What you are asked to do:
Beginning with the line that holds "Just in case", write out each line exactly as it stands until the end of the data, and include no pictures.
:: Data listing ::
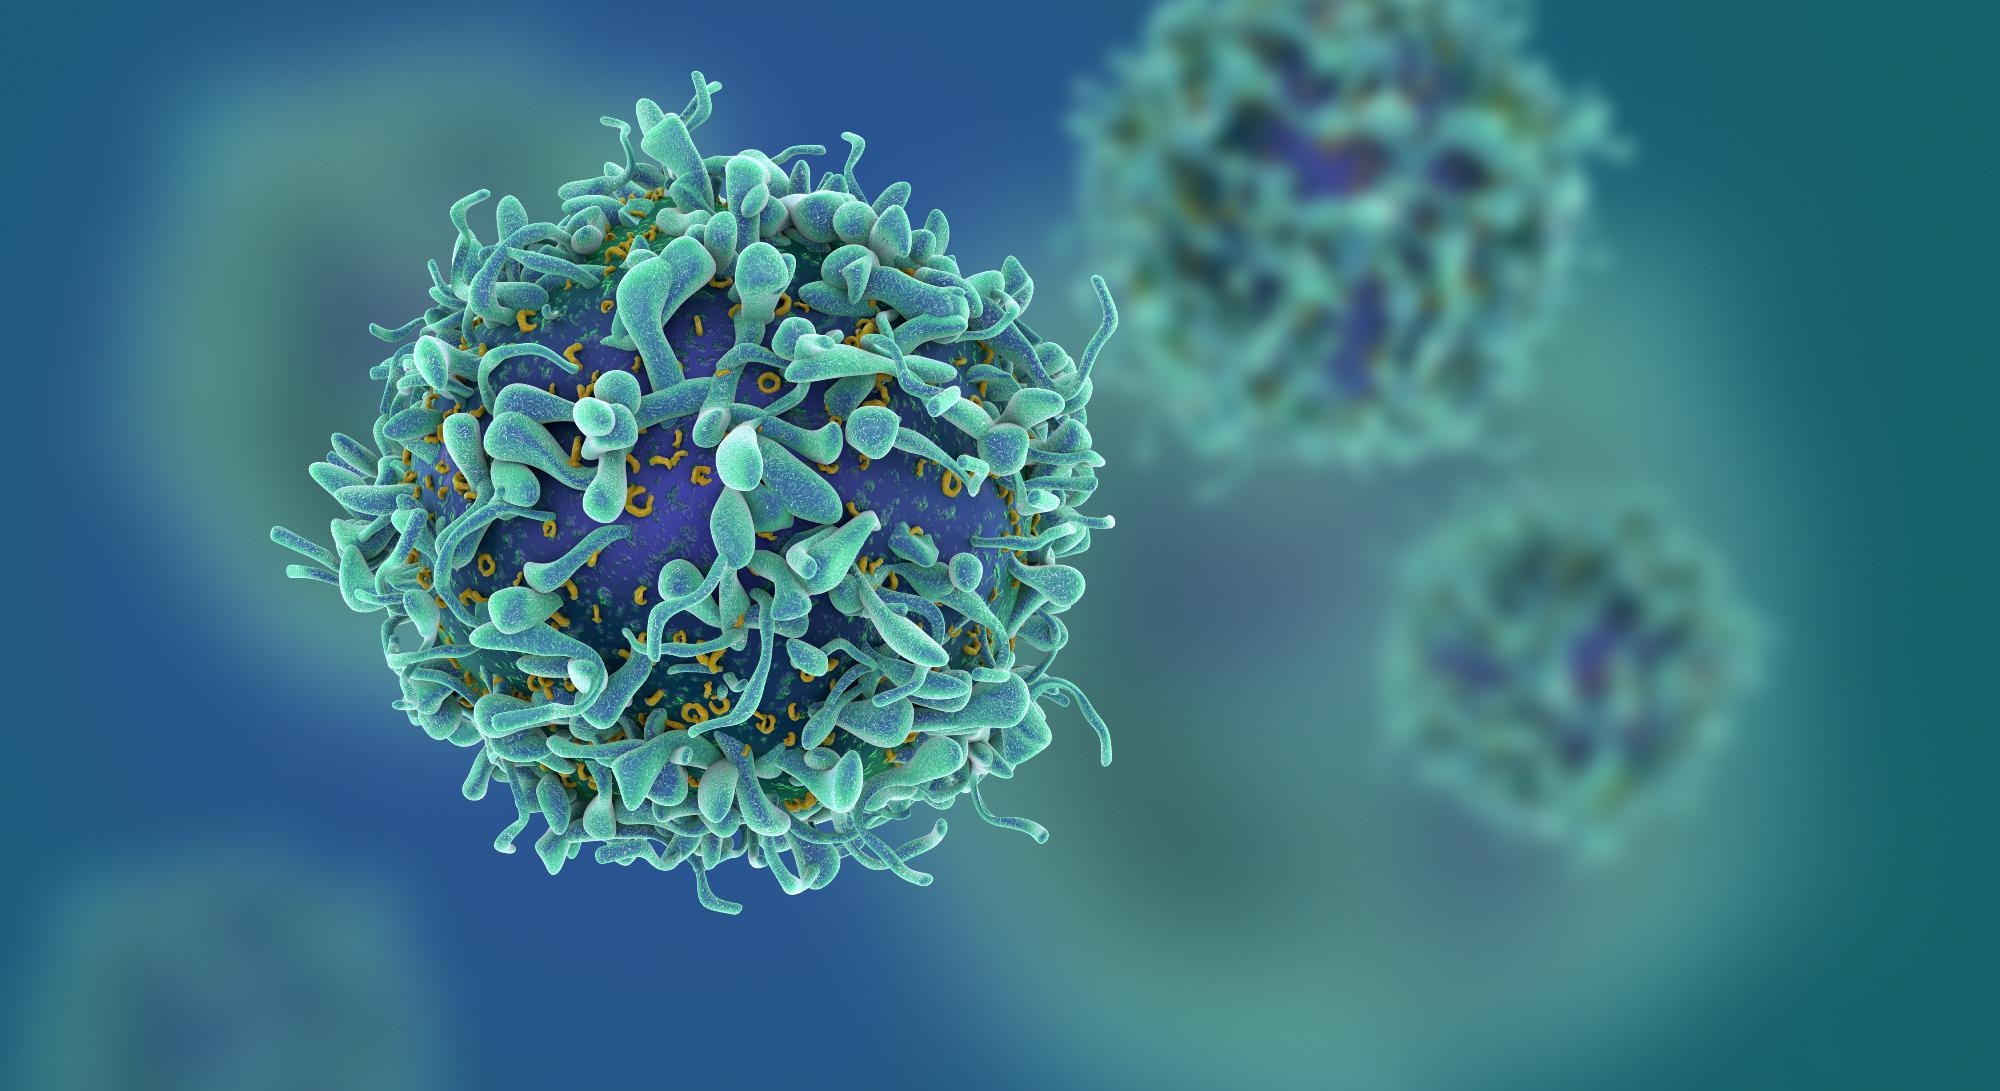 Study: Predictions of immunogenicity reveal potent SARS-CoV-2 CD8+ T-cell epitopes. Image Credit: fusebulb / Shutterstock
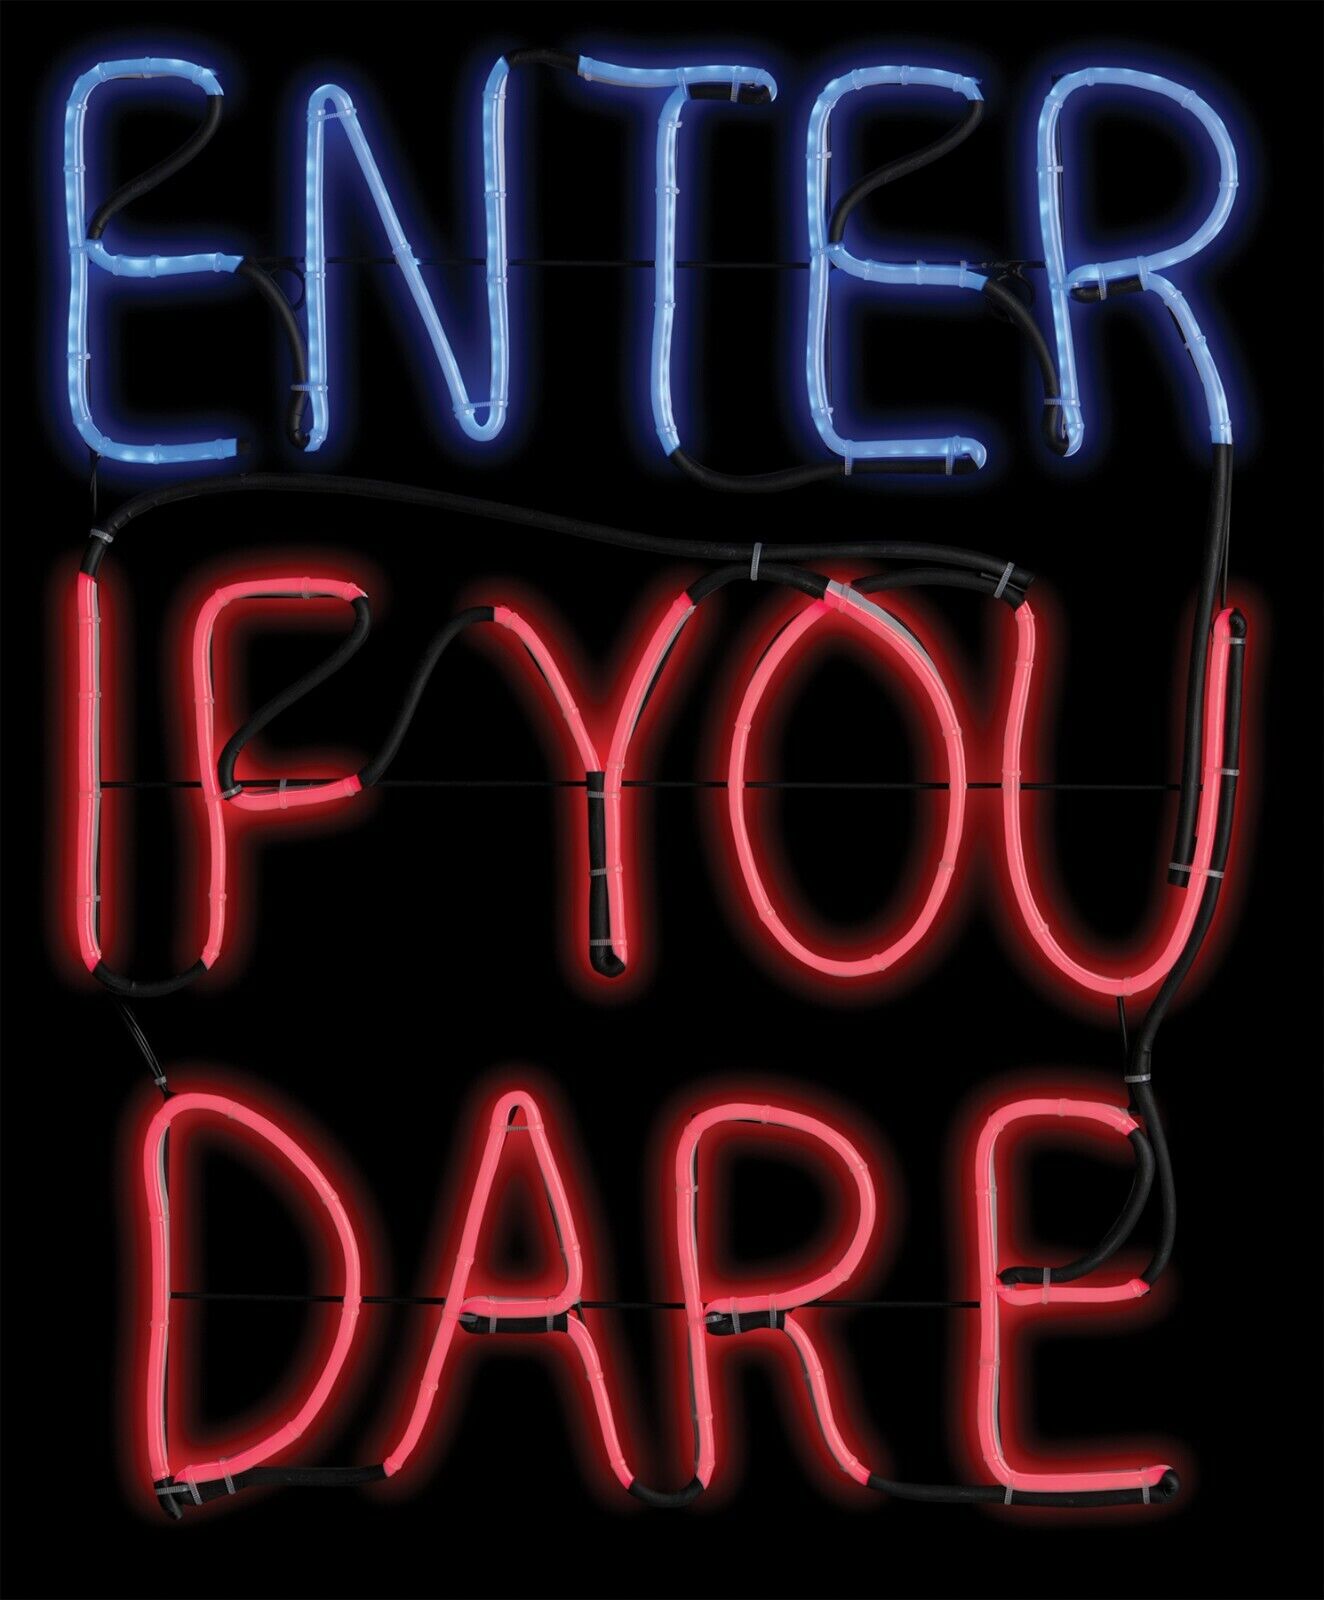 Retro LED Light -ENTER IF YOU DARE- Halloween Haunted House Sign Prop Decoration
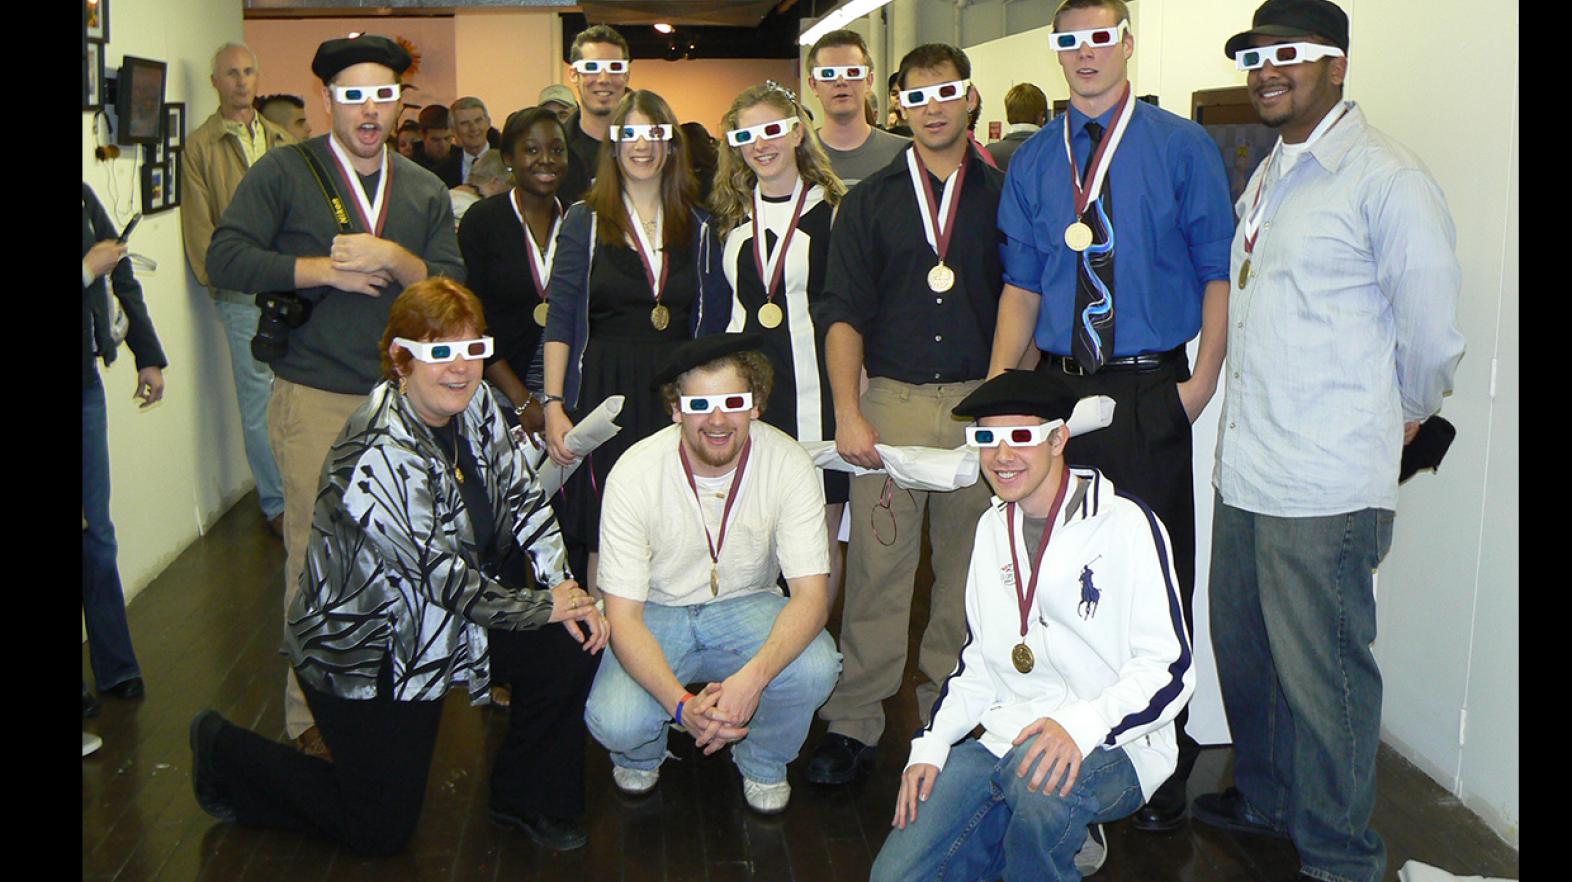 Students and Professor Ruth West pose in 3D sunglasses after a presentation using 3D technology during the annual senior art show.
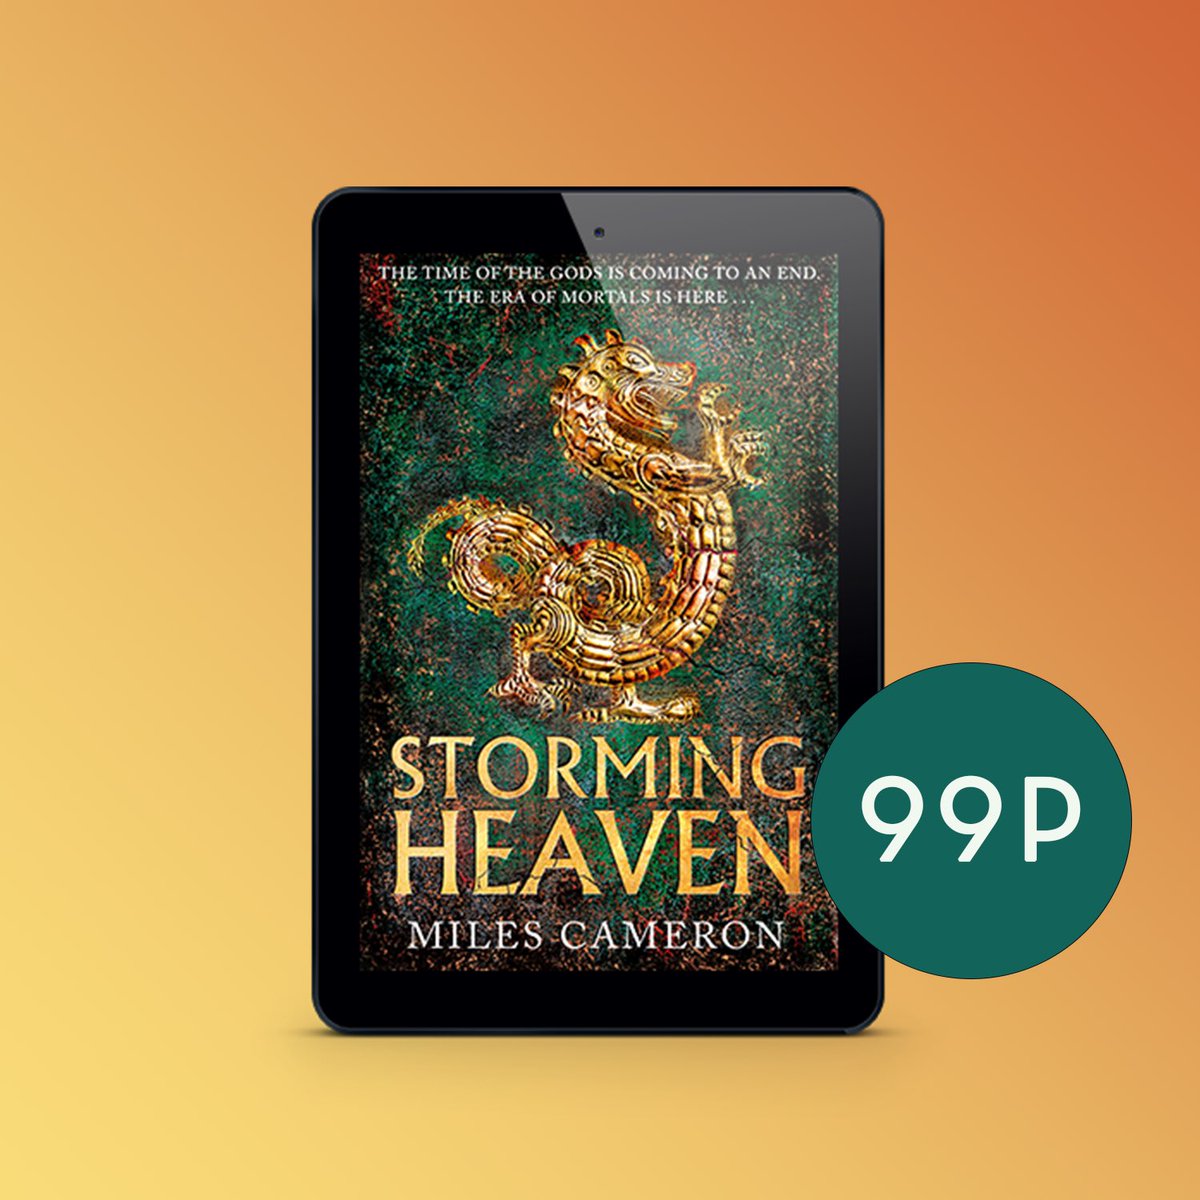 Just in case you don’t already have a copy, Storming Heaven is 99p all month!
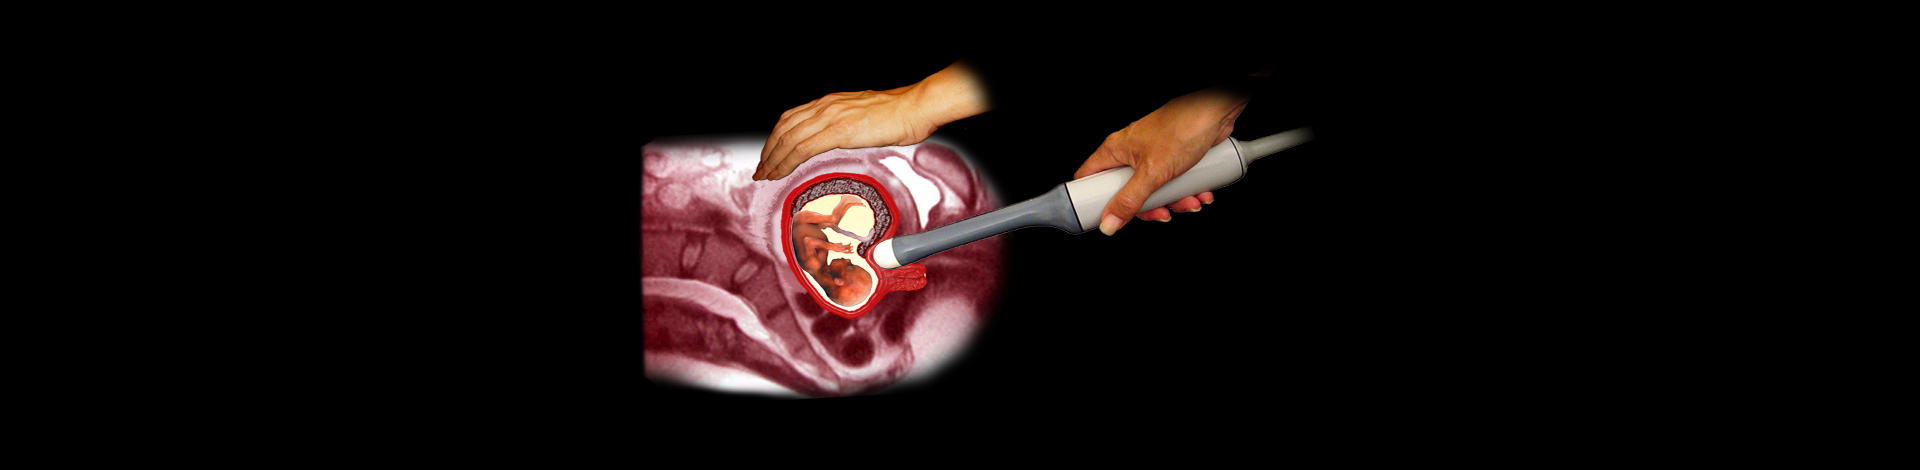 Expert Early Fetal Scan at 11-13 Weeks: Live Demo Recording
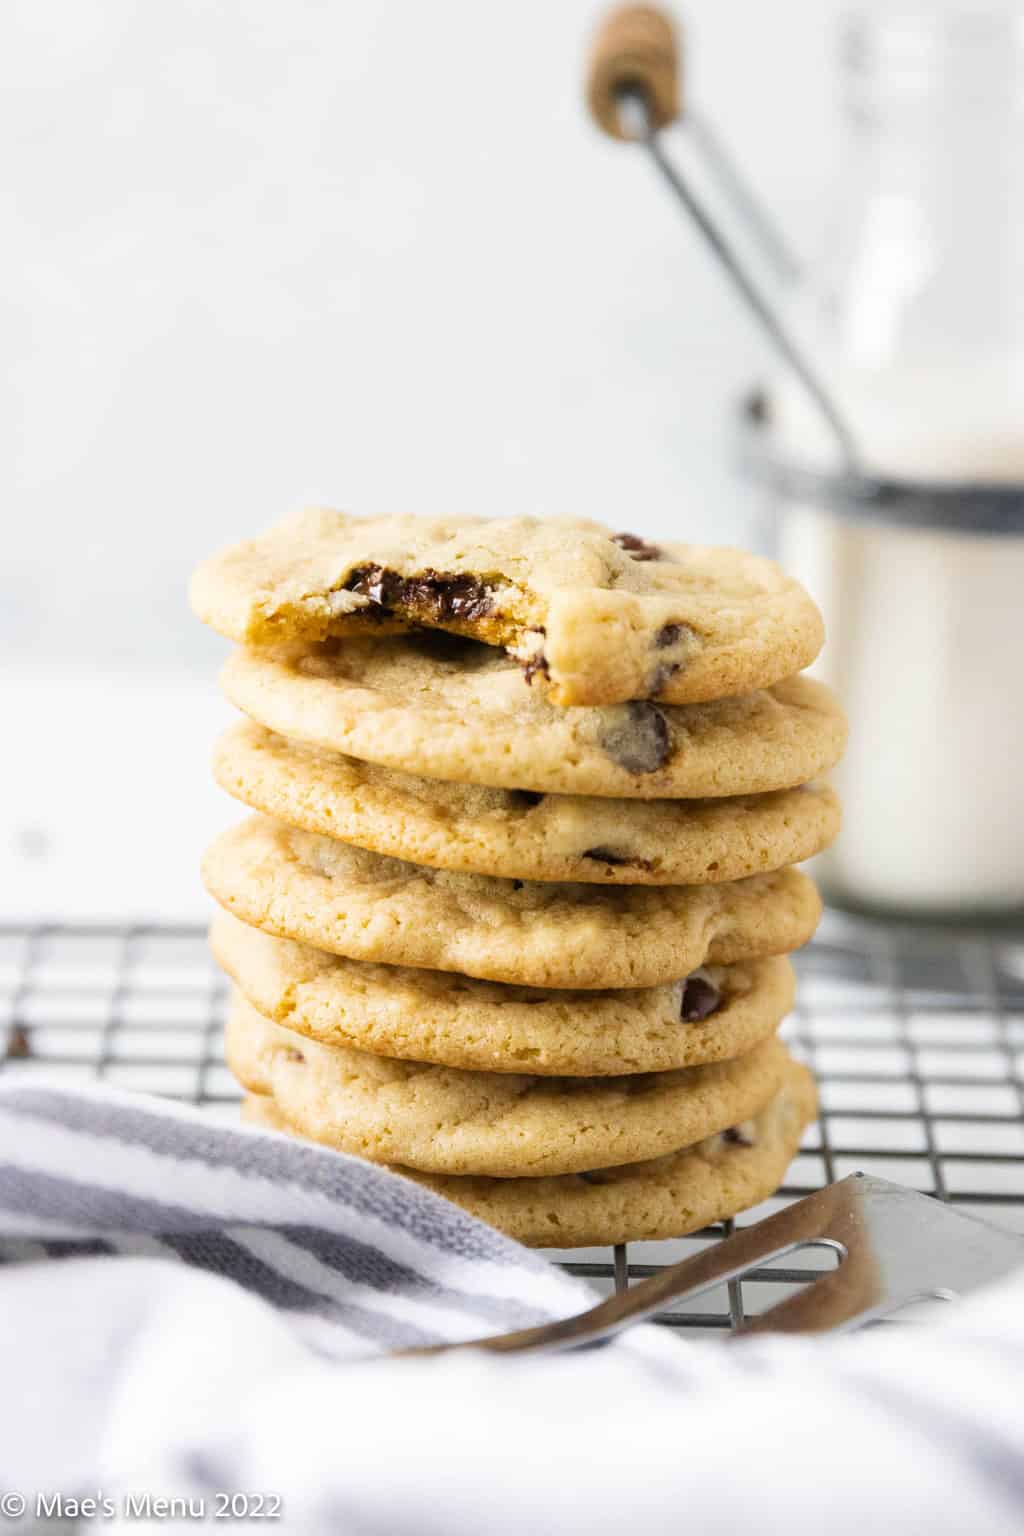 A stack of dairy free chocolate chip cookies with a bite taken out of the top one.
:::
Solution to the exercise:
 Just in case you don’t already have a copy, Storming Heaven is 99p all month!
 Expert Early Fetal Scan at 11-13 Weeks: Live Demo Recording
 A stack of dairy free chocolate chip cookies with a bite taken out of the top one.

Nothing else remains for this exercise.